Full name is a complete name of a person. The attribute full name contains the complete name of a person. In addition to the content of first name, Family name and, in some systems, patronymic name, this can carry additional parts of a person’s name such as titles, middle names or suffixes like ‘the third’, ‘III’ or names which are neither a first (given) nor a family name

Biometric data elements present in EES and sBMS (shared Biometric Matching Service)
Label of data elements	Description
BiometricType	Indication of the biometric modality.
NISTFormat	The NIST format that was used to exchange the biometric sample.
NIST	The binary file of the biometric data.
MatchingScore	Result of the comparison, indicating the degree of similarity between the biometric samples (for fingerprints, the matching score is for the whole fingerprint set from the probe data). The higher the score, the higher the similarity.
MatchingInterval	This element indicates in which interval the matching score lies below, in-between and above the matching threshold and possible matching threshold.
Facial image
QualityValue	An indication of the quality of the biometric. The biometric quality scores of the facial images are based on an algorithm that follow the ISO/IEC 19794-5:2011 recommendations.
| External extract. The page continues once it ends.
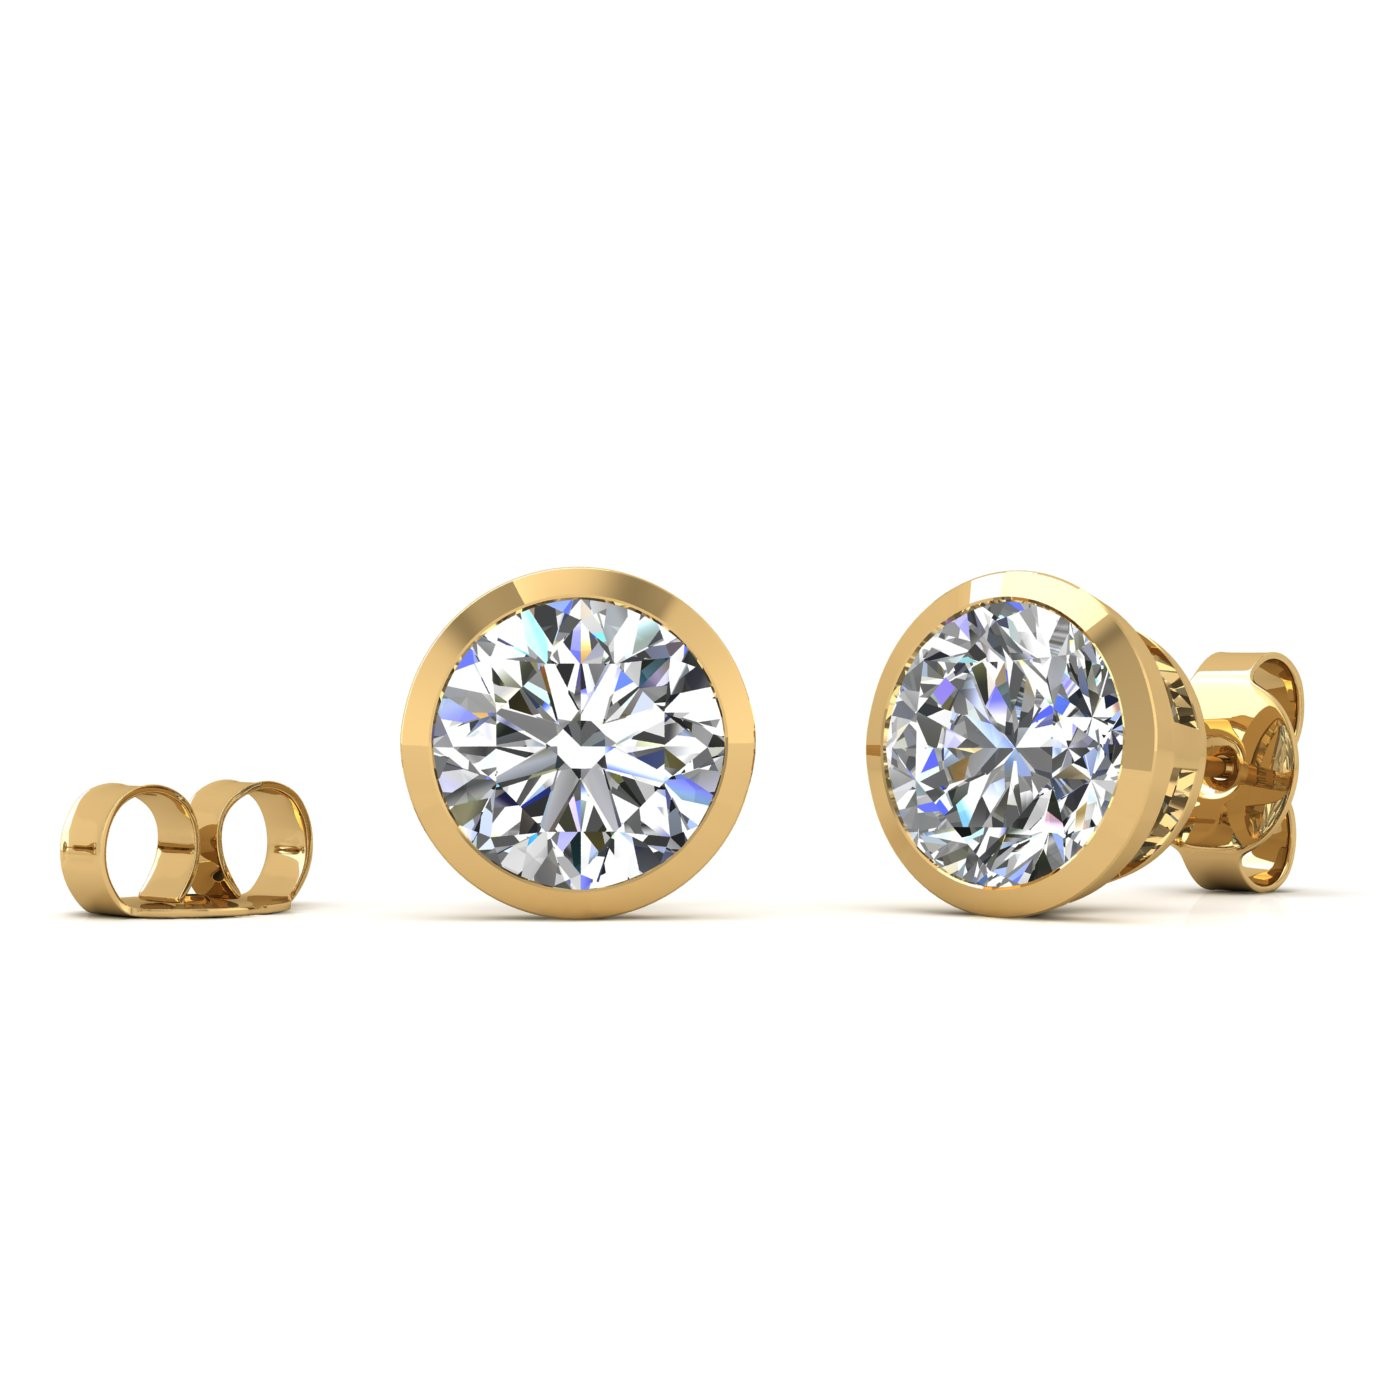 18k yellow gold 2.0 ct each (4,0 tcw) round brilliant cut diamond bezel set earring studs Photos & images

NotProvidedReason	Code table value indicating a reason why facial image was not provided.
Source	Code table value indicating the source of the facial image.
Fingerprint
QualityValue	An indication of the quality of the biometric. The biometric quality scores of the fingerprints are based on the NFIQ 2.0 (NIST Fingerprint Image Quality version 2.0).
NotProvidedReason	Code table value indicating the reason why fingerprints were not provided.
FingersPermutation	Indicator whether the verification should be performed with fingers permutation or not.
HandsPermutation	Indicator whether the search should be performed with hands permutation or not. Only applicable for identifications with fingerprints.